**** Information supplied
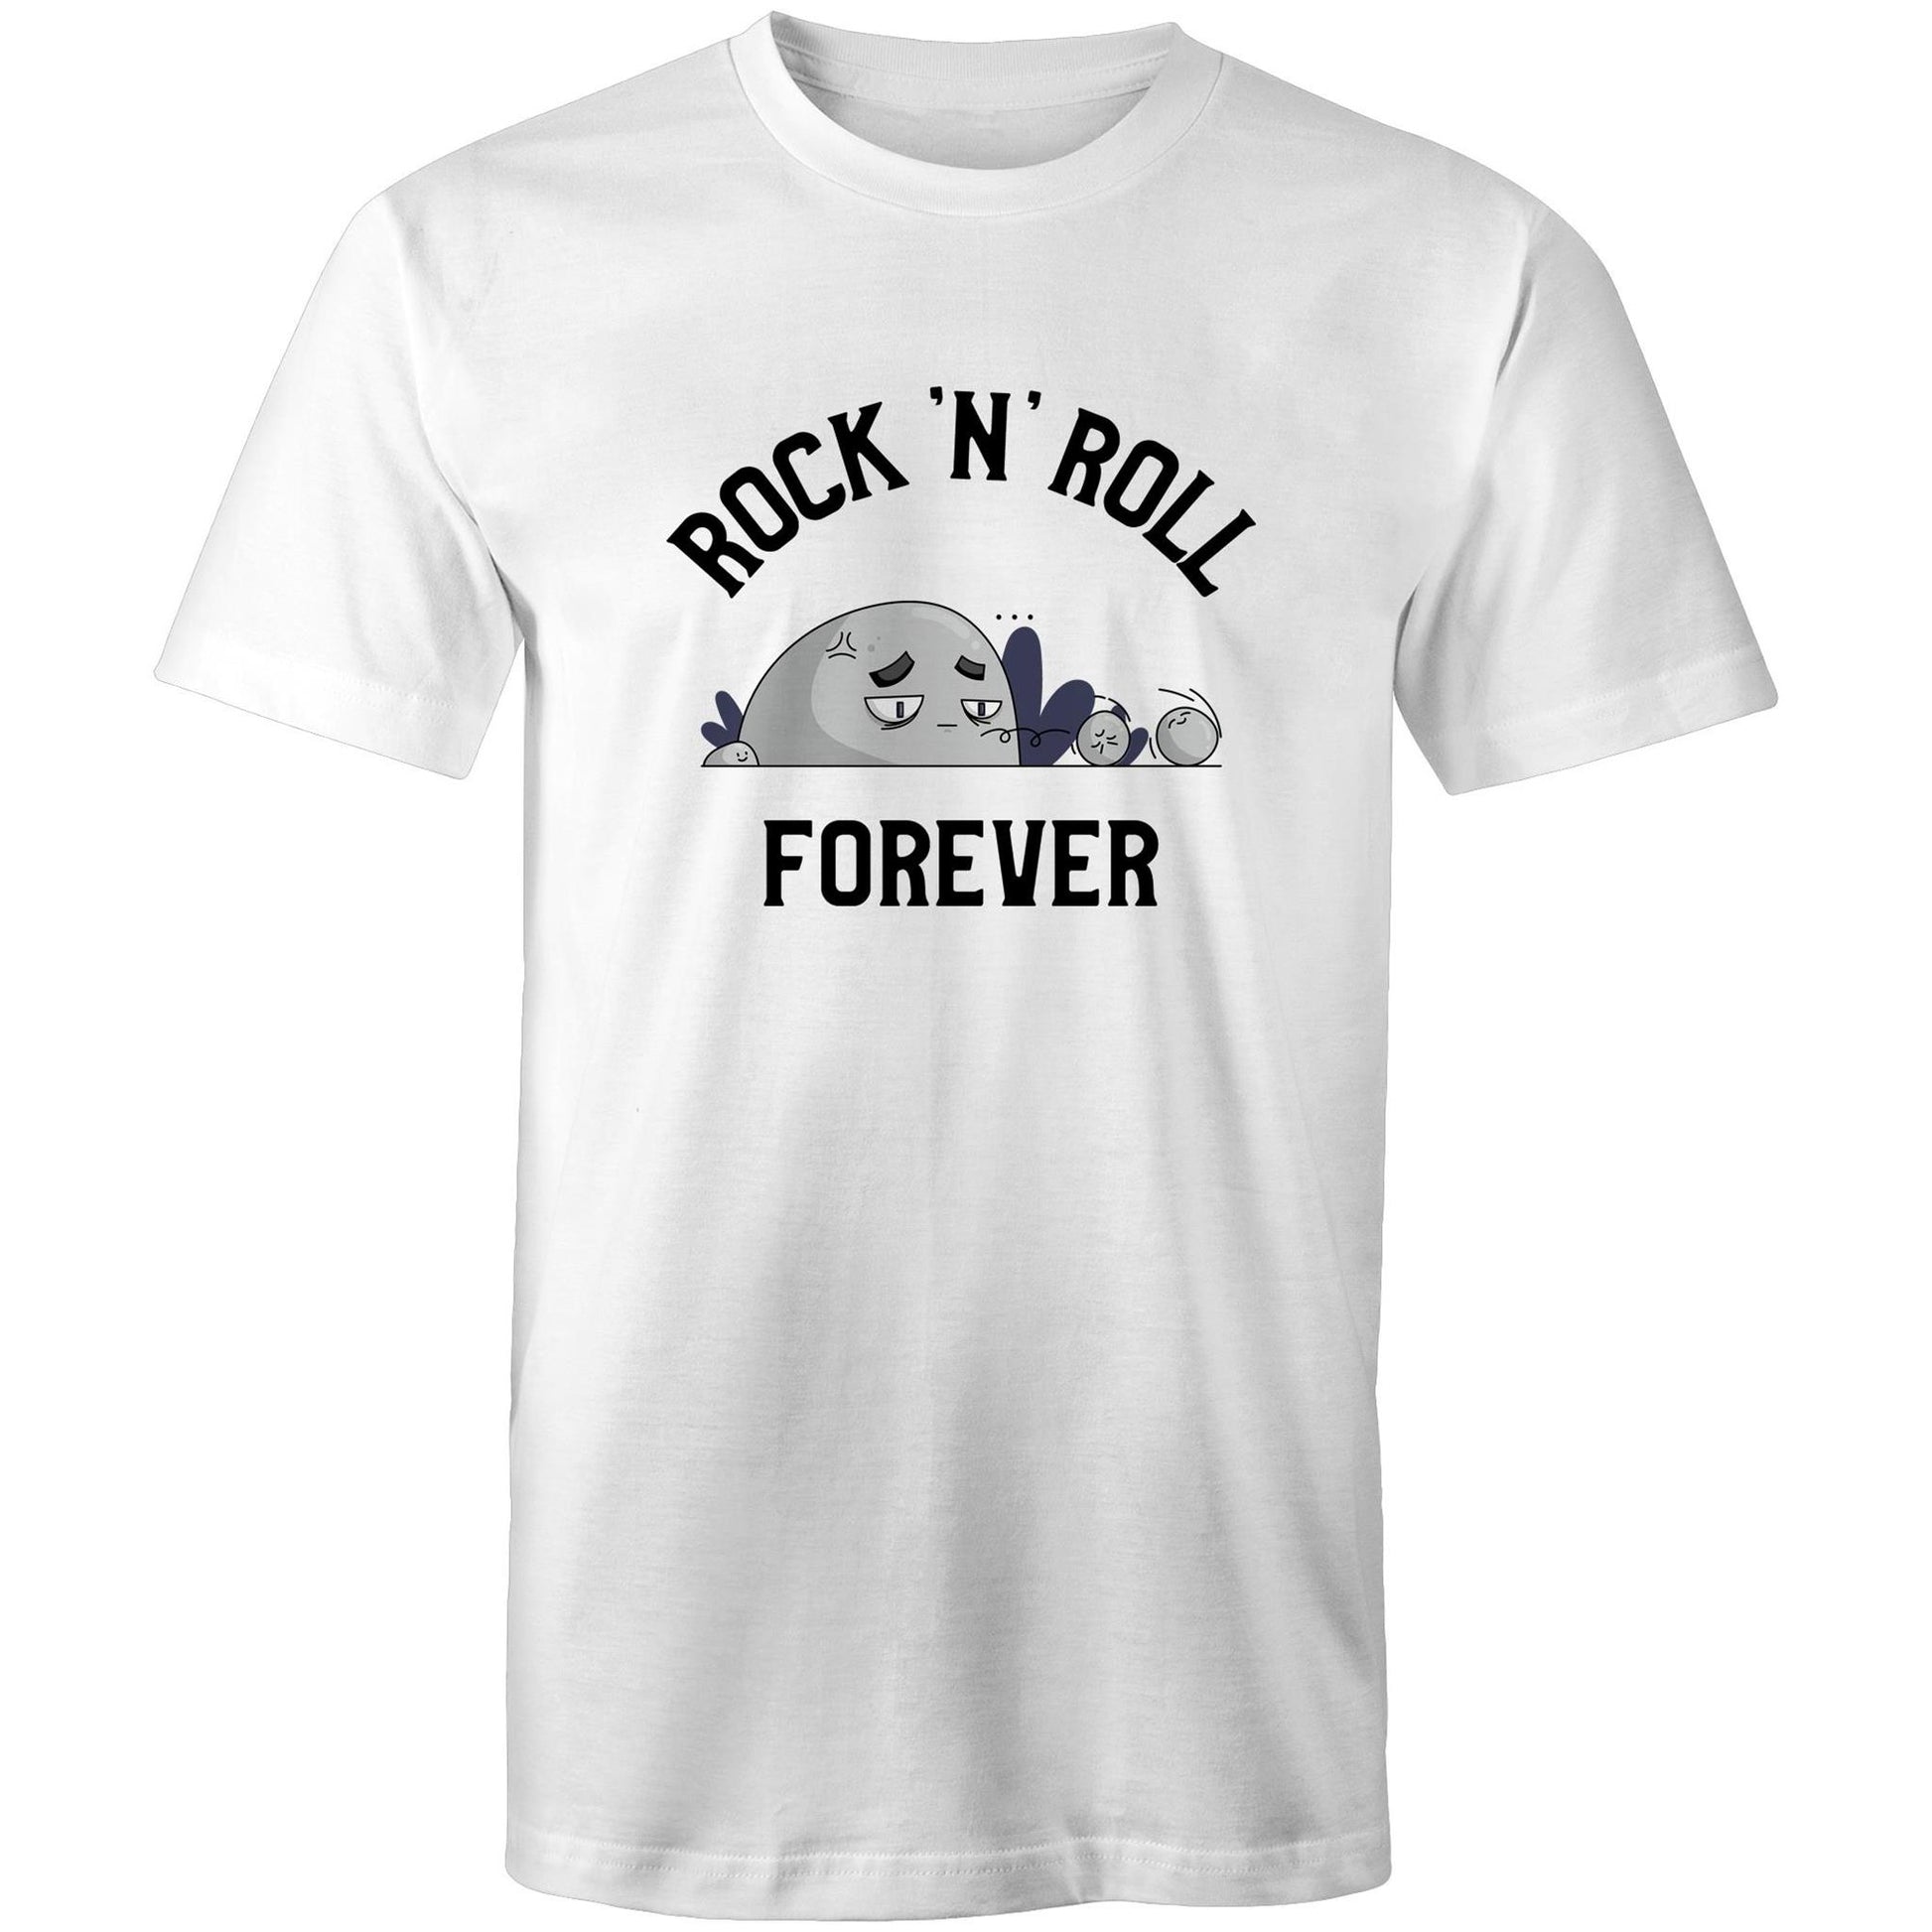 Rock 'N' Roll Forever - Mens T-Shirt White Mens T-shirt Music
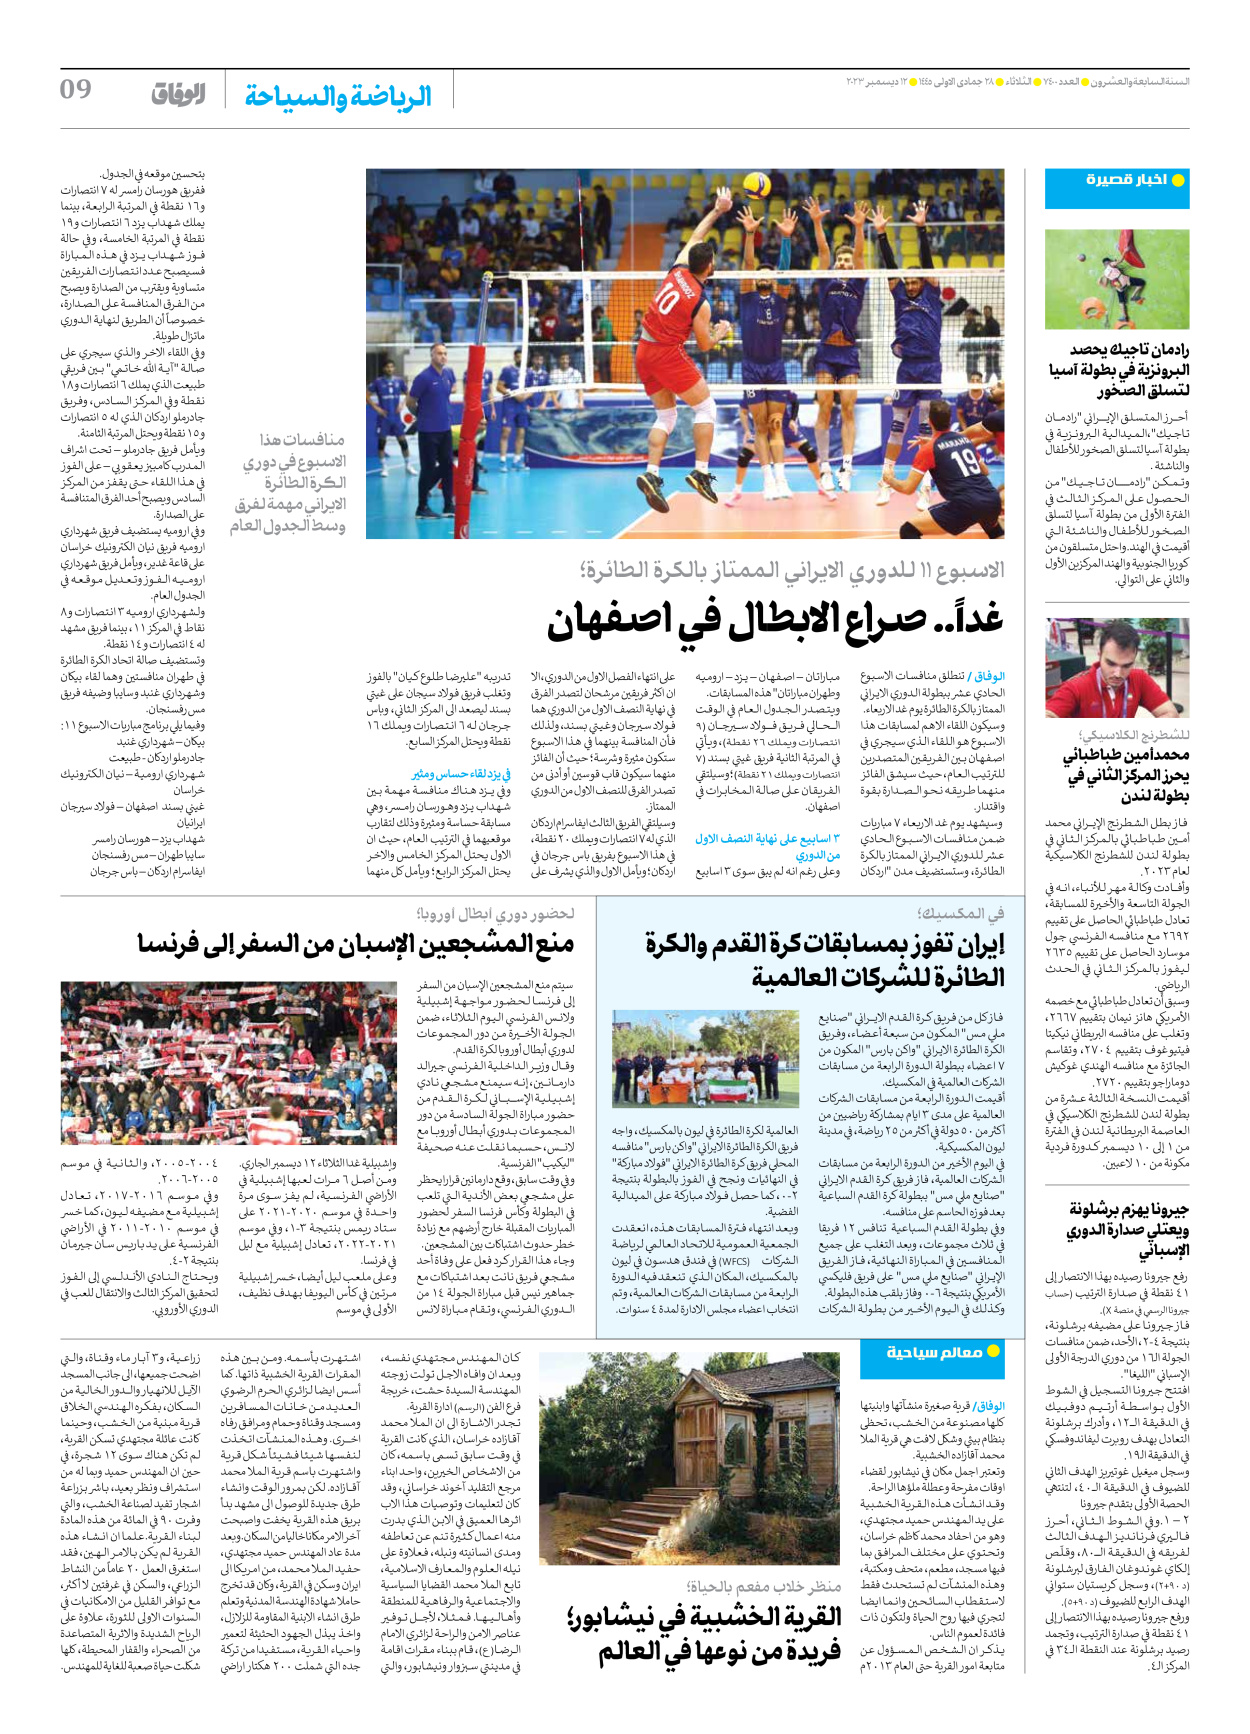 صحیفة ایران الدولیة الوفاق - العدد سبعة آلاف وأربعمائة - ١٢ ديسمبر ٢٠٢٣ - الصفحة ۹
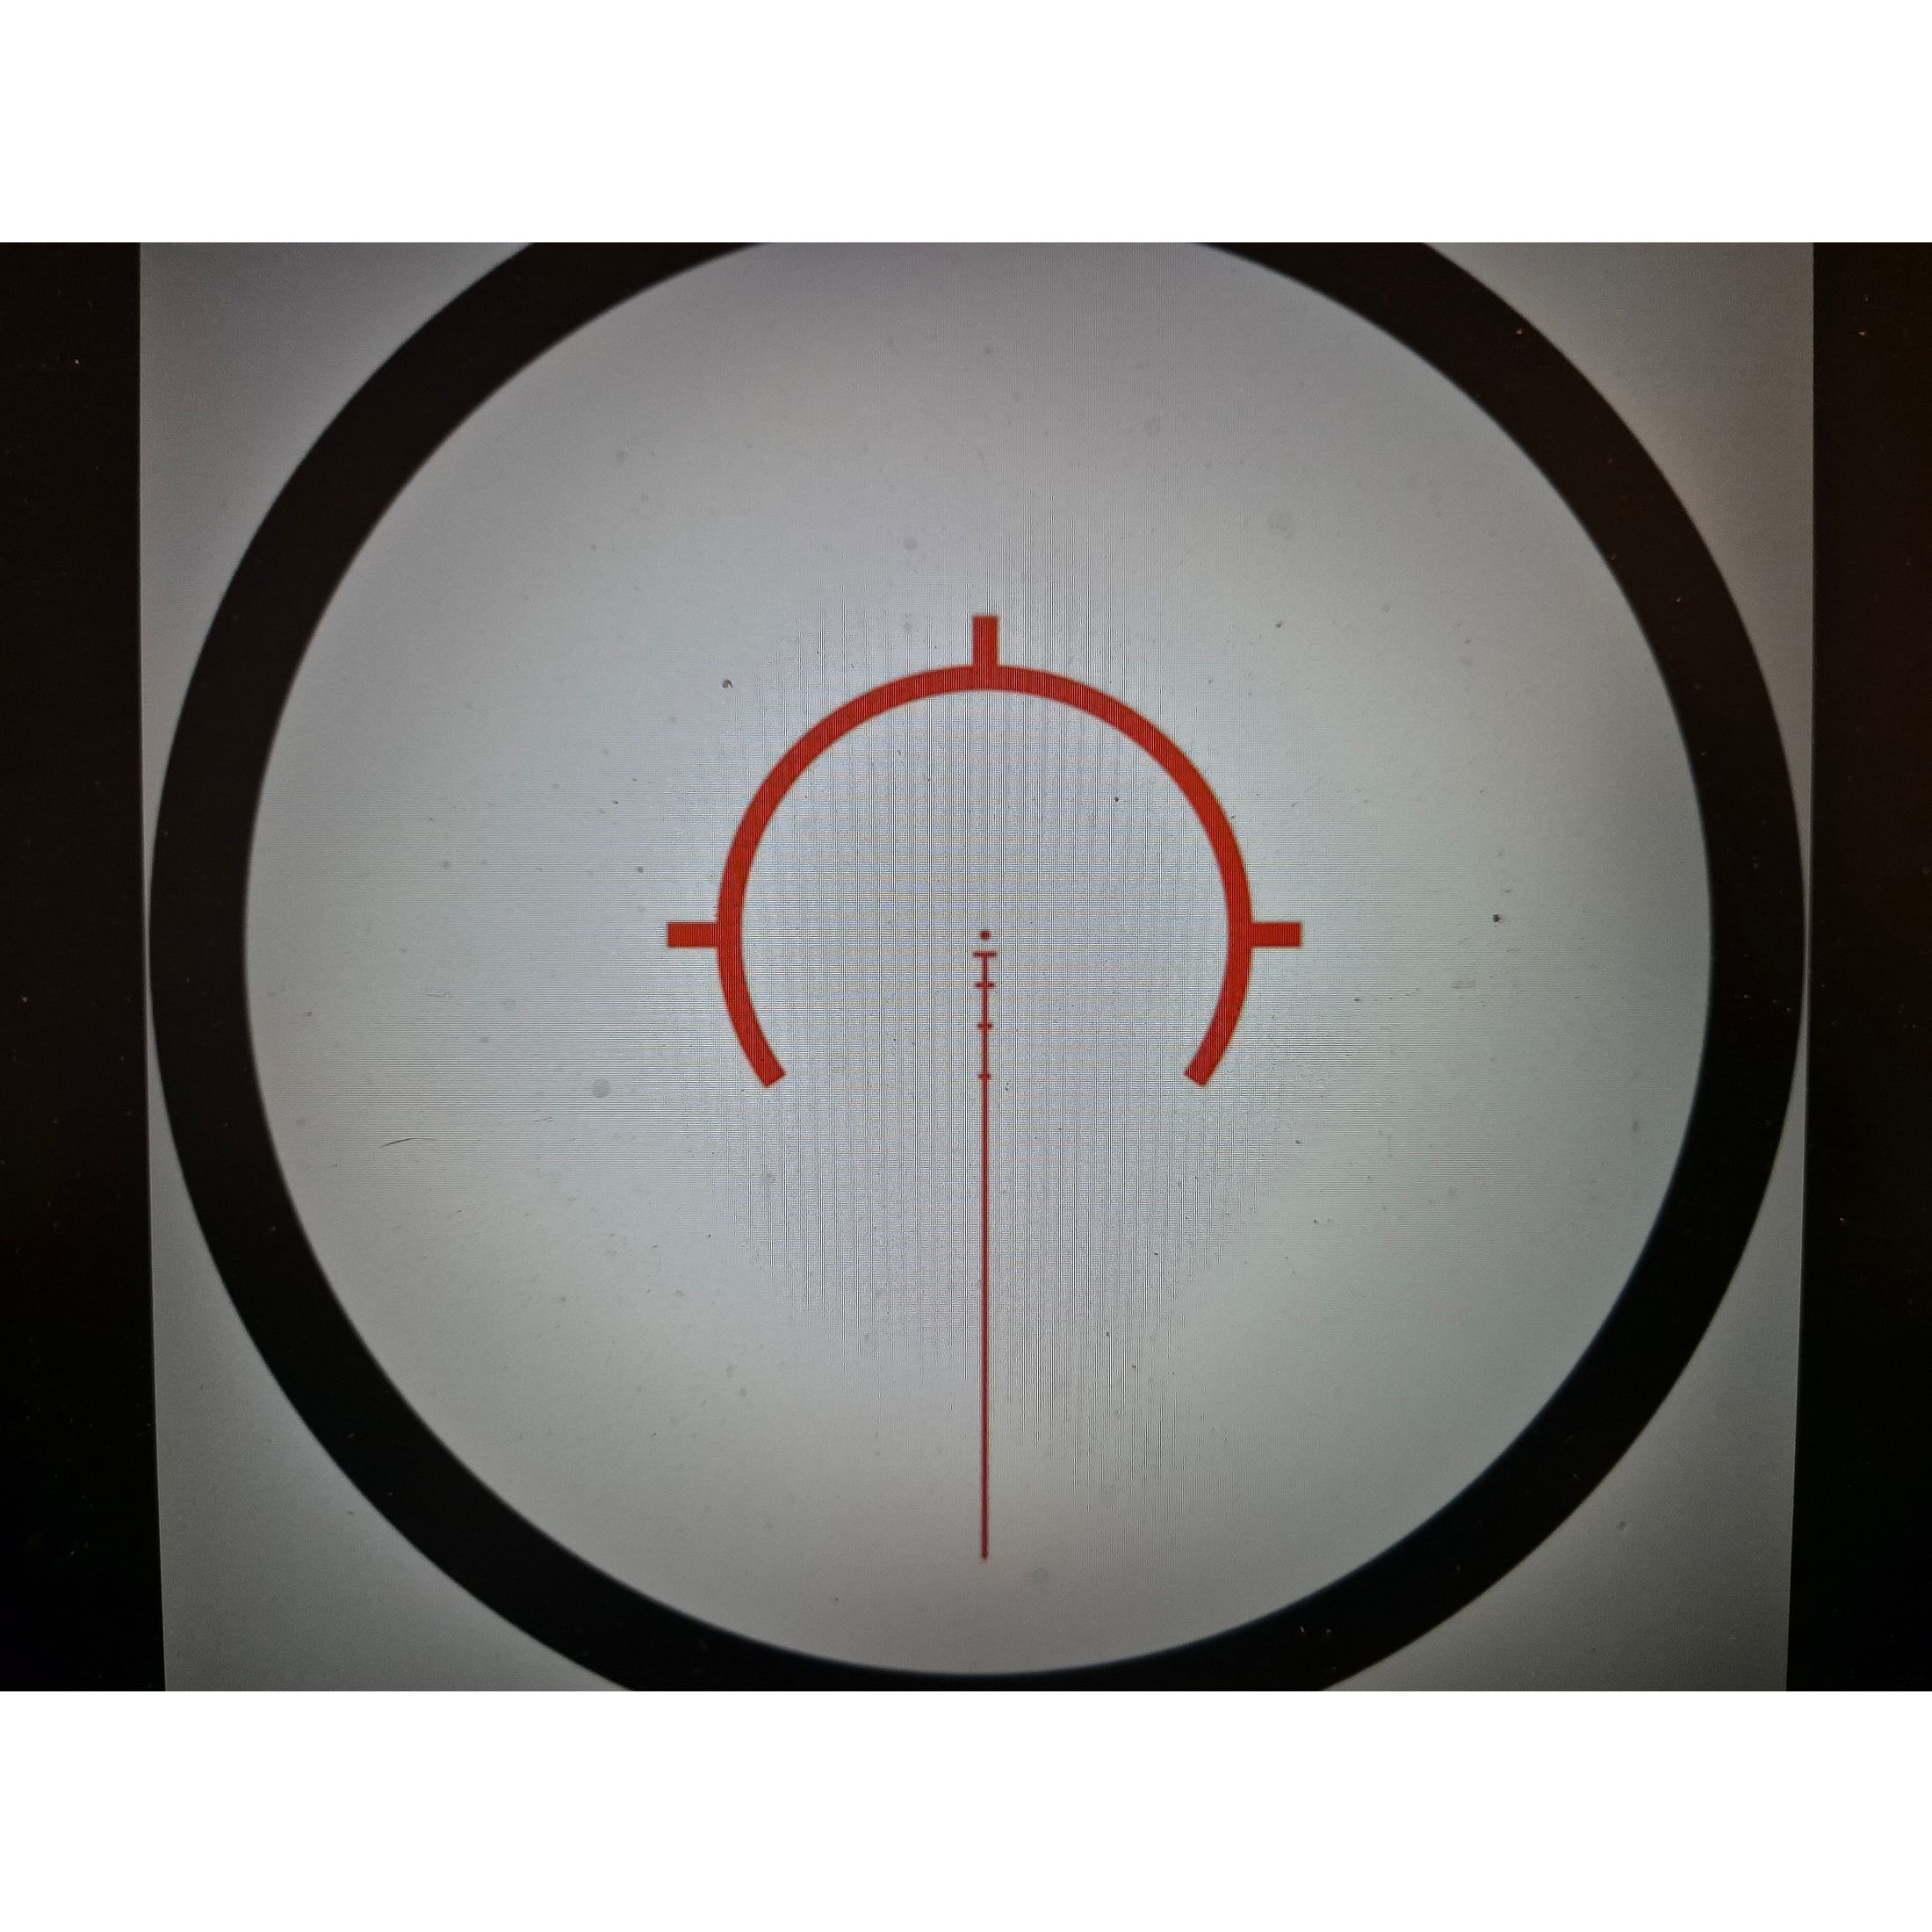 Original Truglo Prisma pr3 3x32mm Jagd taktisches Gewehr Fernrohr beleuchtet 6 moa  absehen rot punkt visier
********
Action item: Apart from the pictures, all of the data must be duplicated exactly as shown above.

Result for this exercise:
 Rock 'N' Roll Forever - Mens T-Shirt White Mens T-shirt Music
 صحیفة ایران الدولیة الوفاق - العدد سبعة آلاف وأربعمائة - ١٢ ديسمبر ٢٠٢٣ - الصفحة ۹
 Original Truglo Prisma pr3 3x32mm Jagd taktisches Gewehr Fernrohr beleuchtet 6 moa  absehen rot punkt visier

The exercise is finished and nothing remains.